Instructions to follow: Could you return the data that follows exactly, minus the images?

Supplied information:
--------------------

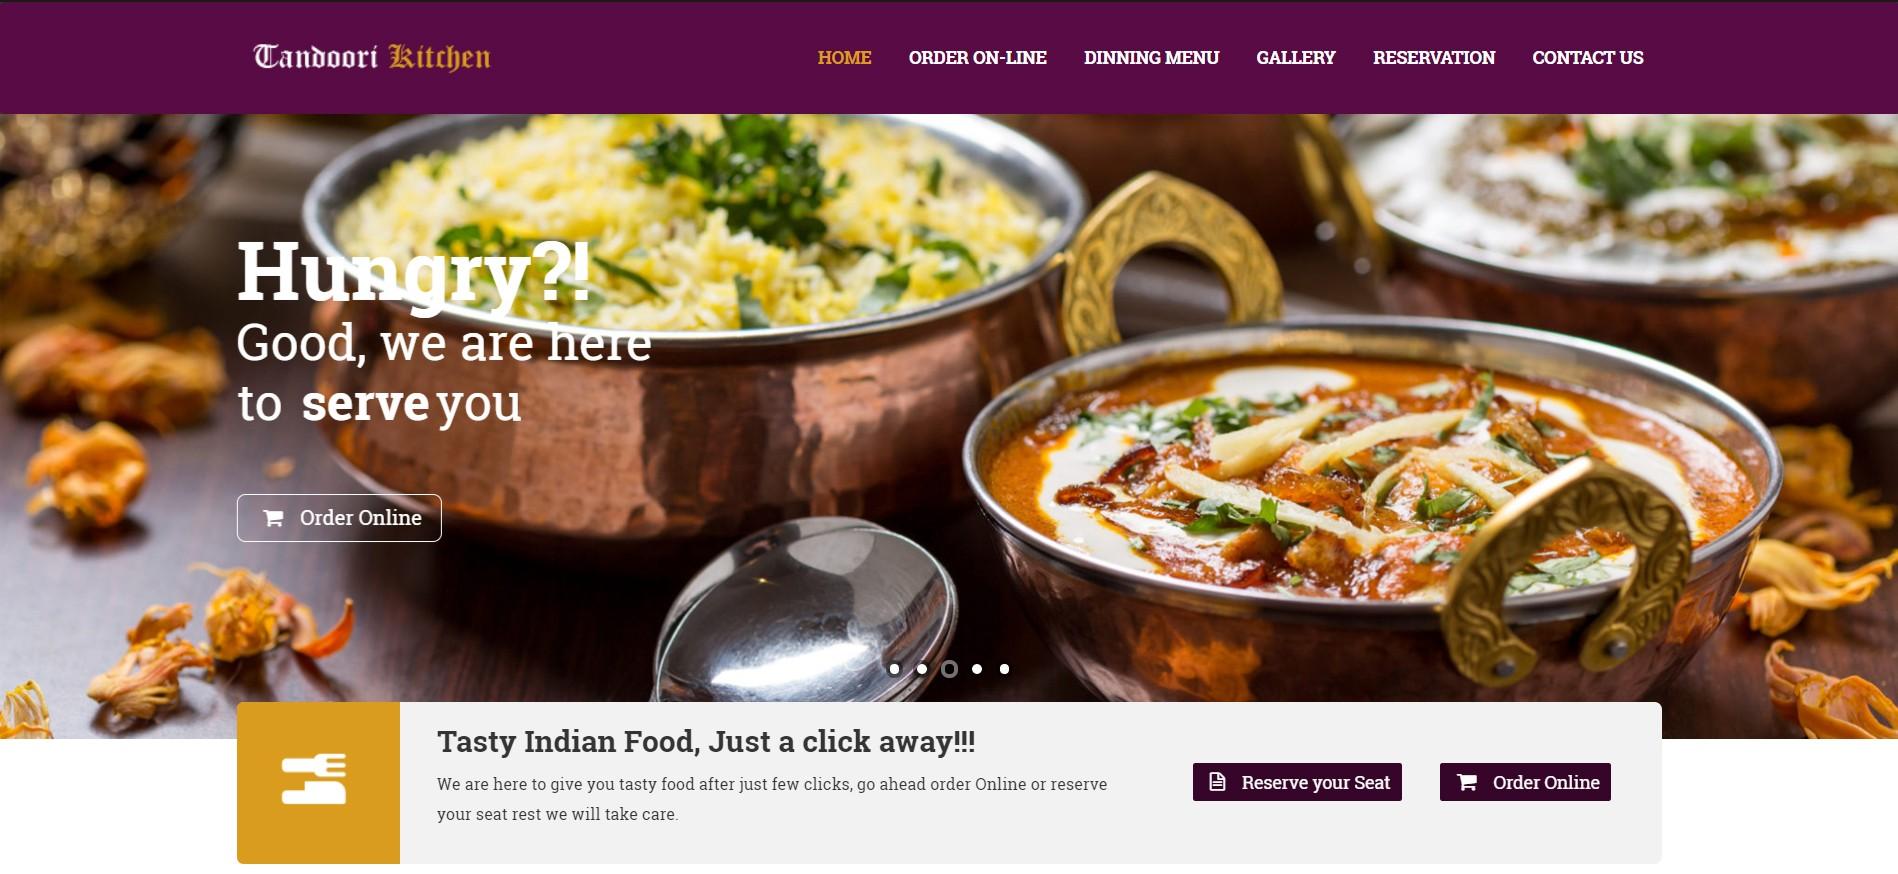 Tandoori Kitchen Review Ratings Information
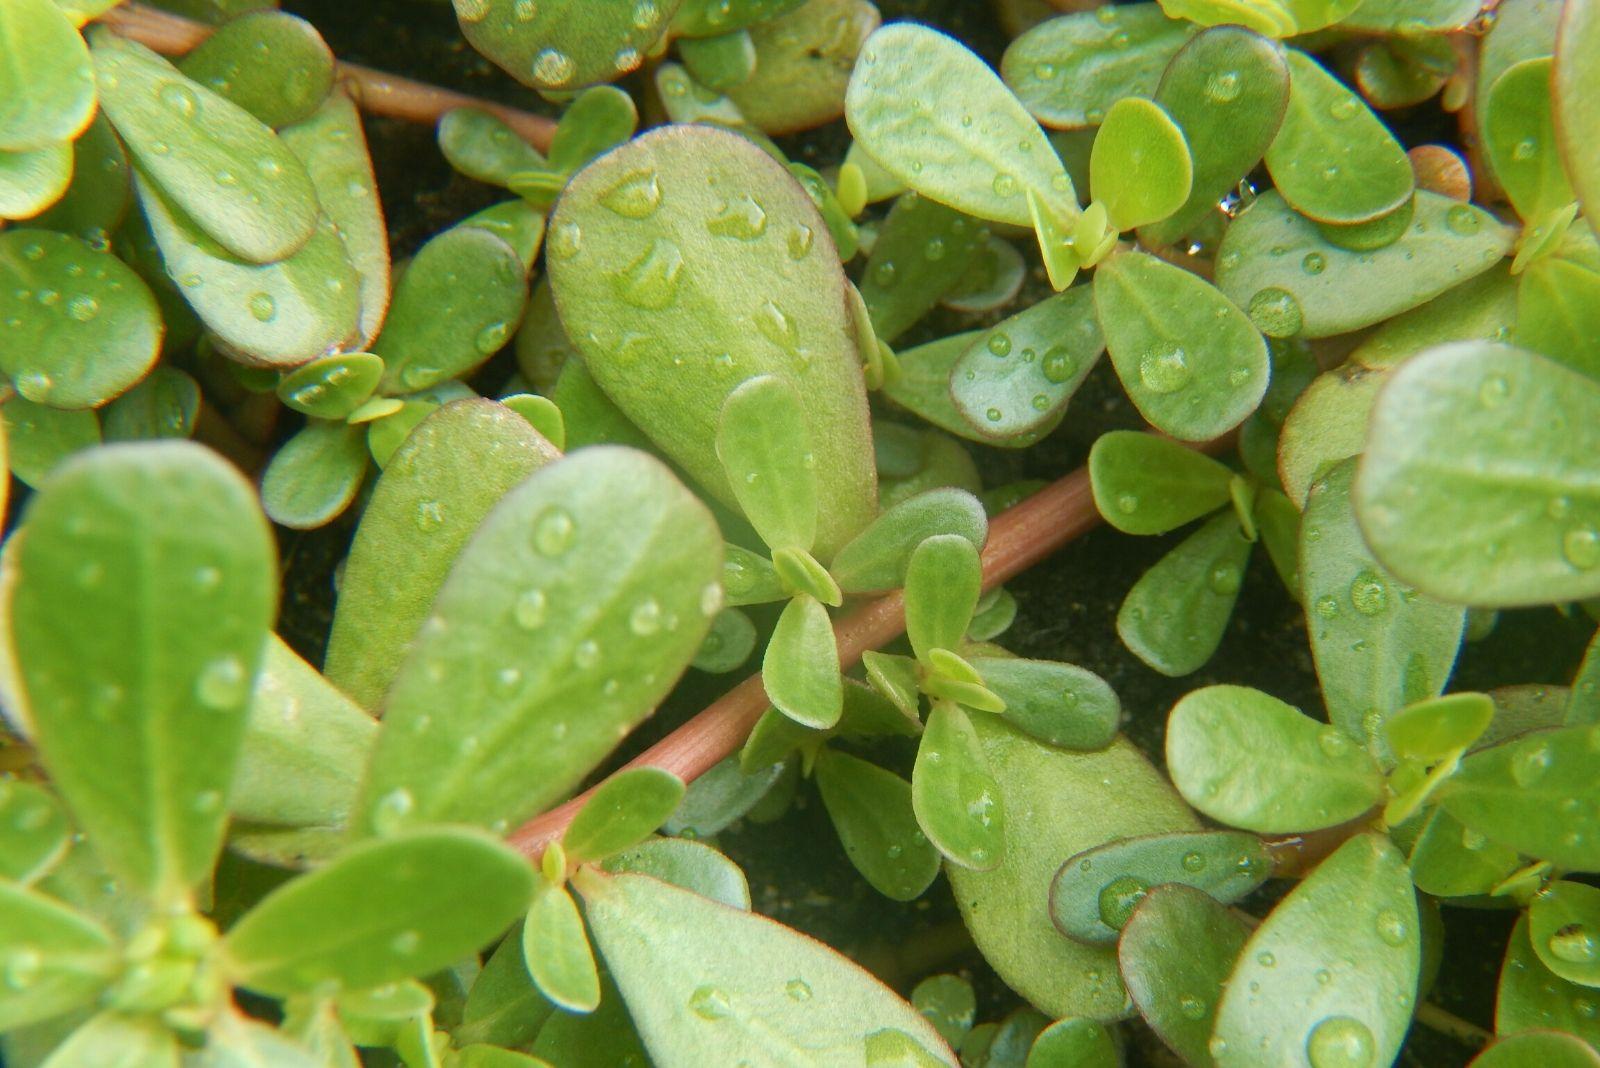 Buy Purslane Seeds 100% Organic Top Quality - Grow Food Guide
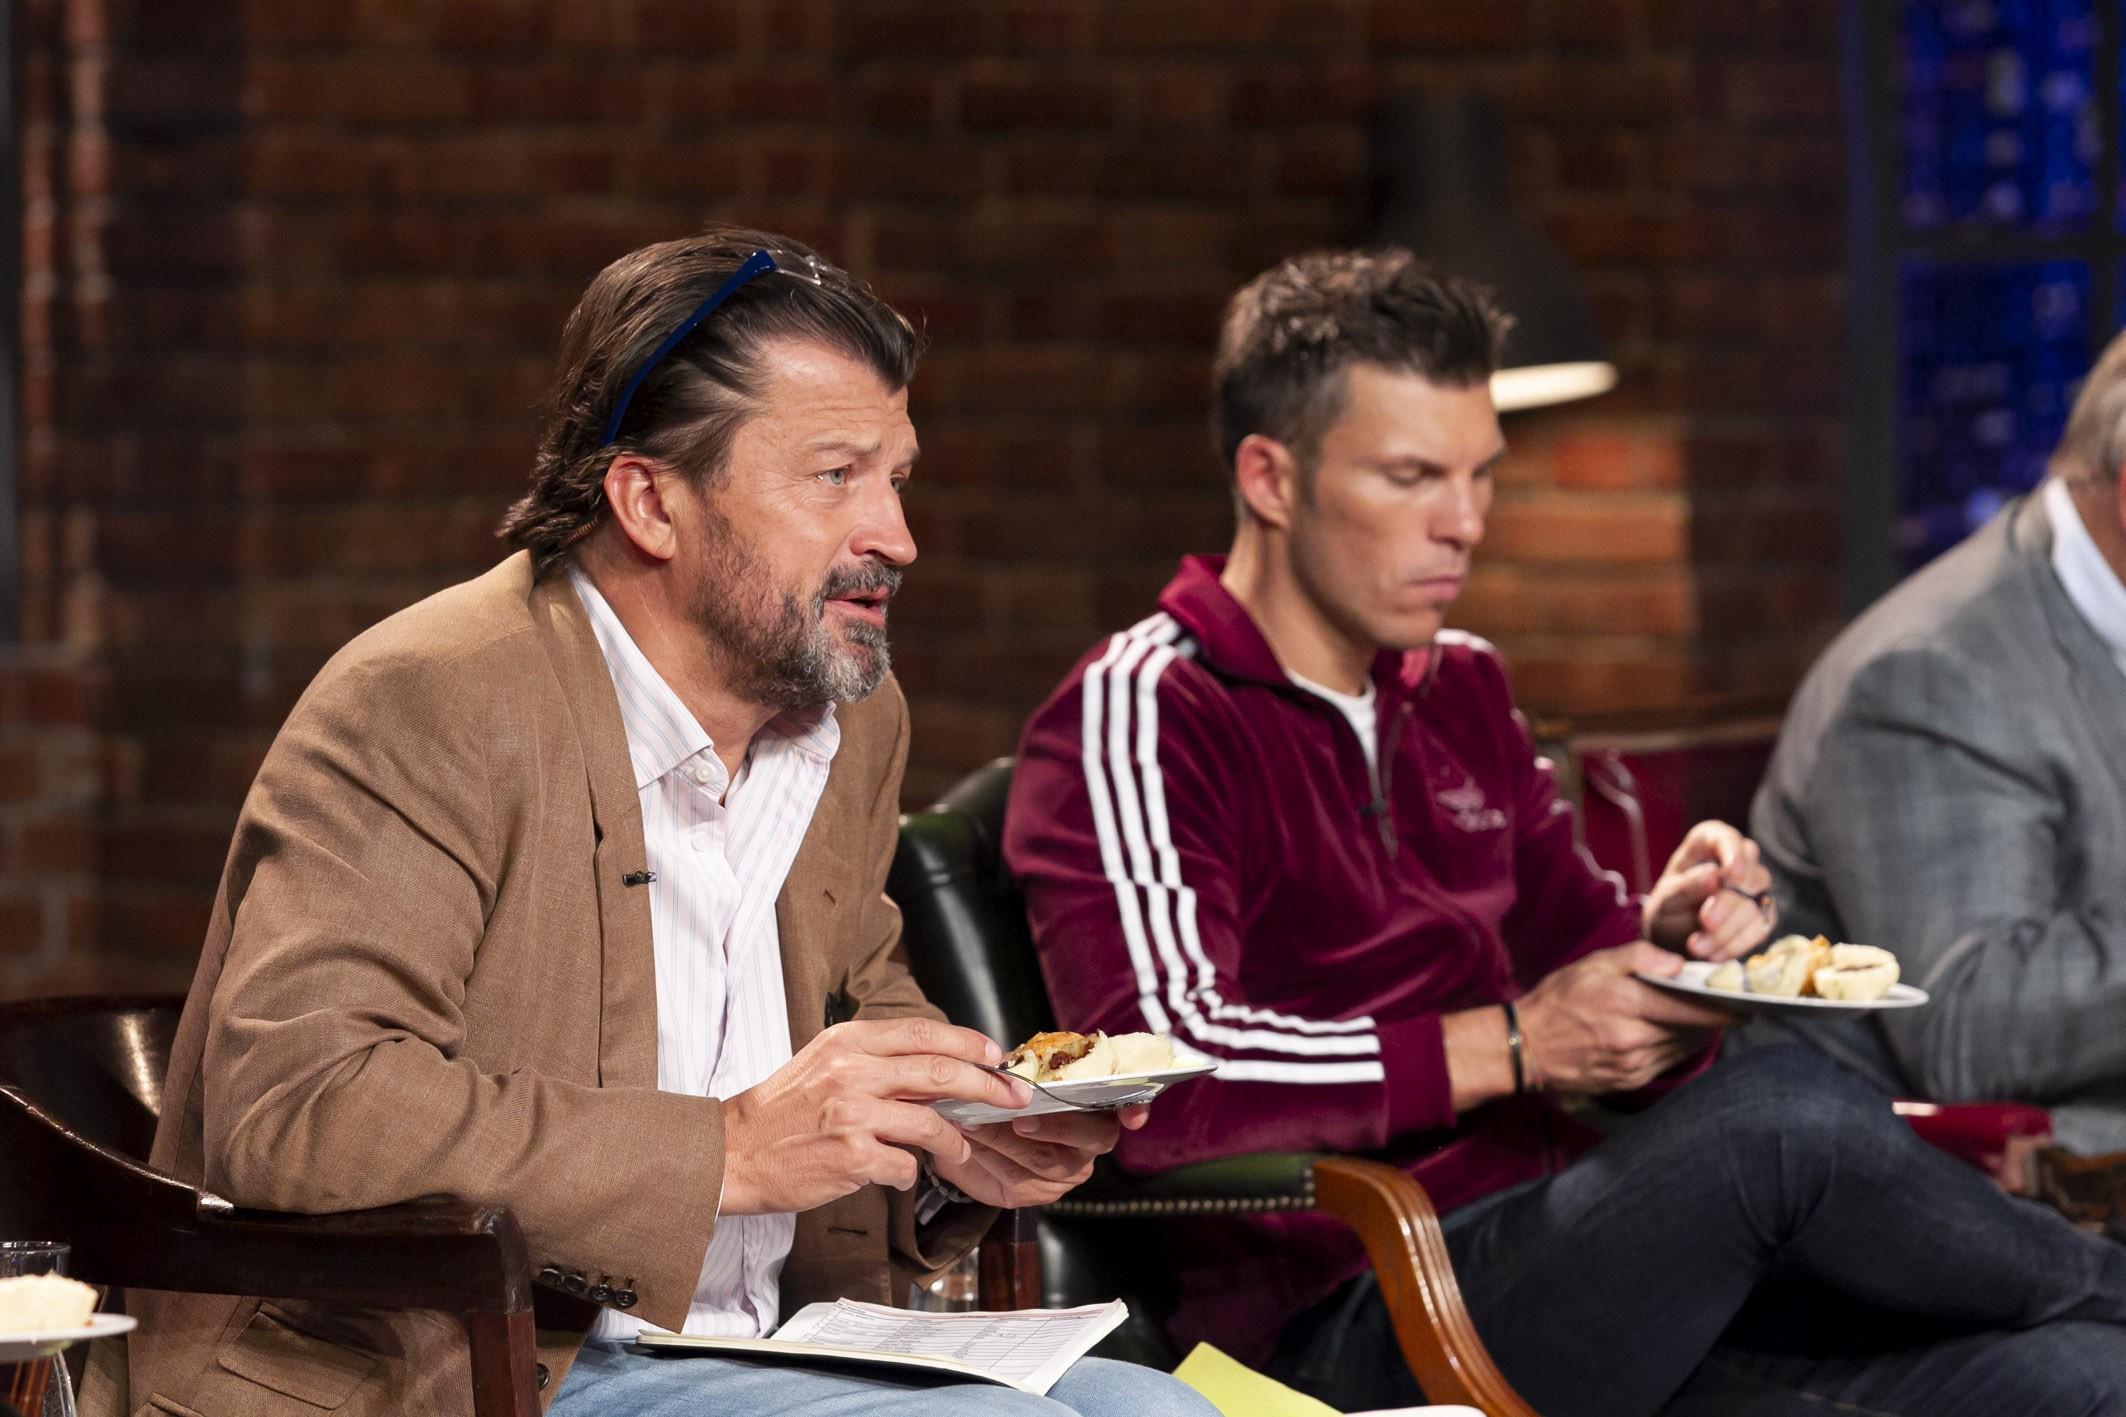 """2 Minuten 2 Millionen"", Martin Rohla, Katharina Schneider, Leo Hilinger, Hans Peter Haselsteiner, Florian Gschwandtner"

--------------------

Solved exercise:
 Tandoori Kitchen Review Ratings Information
 Buy Purslane Seeds 100% Organic Top Quality - Grow Food Guide
 """2 Minuten 2 Millionen"", Martin Rohla, Katharina Schneider, Leo Hilinger, Hans Peter Haselsteiner, Florian Gschwandtner"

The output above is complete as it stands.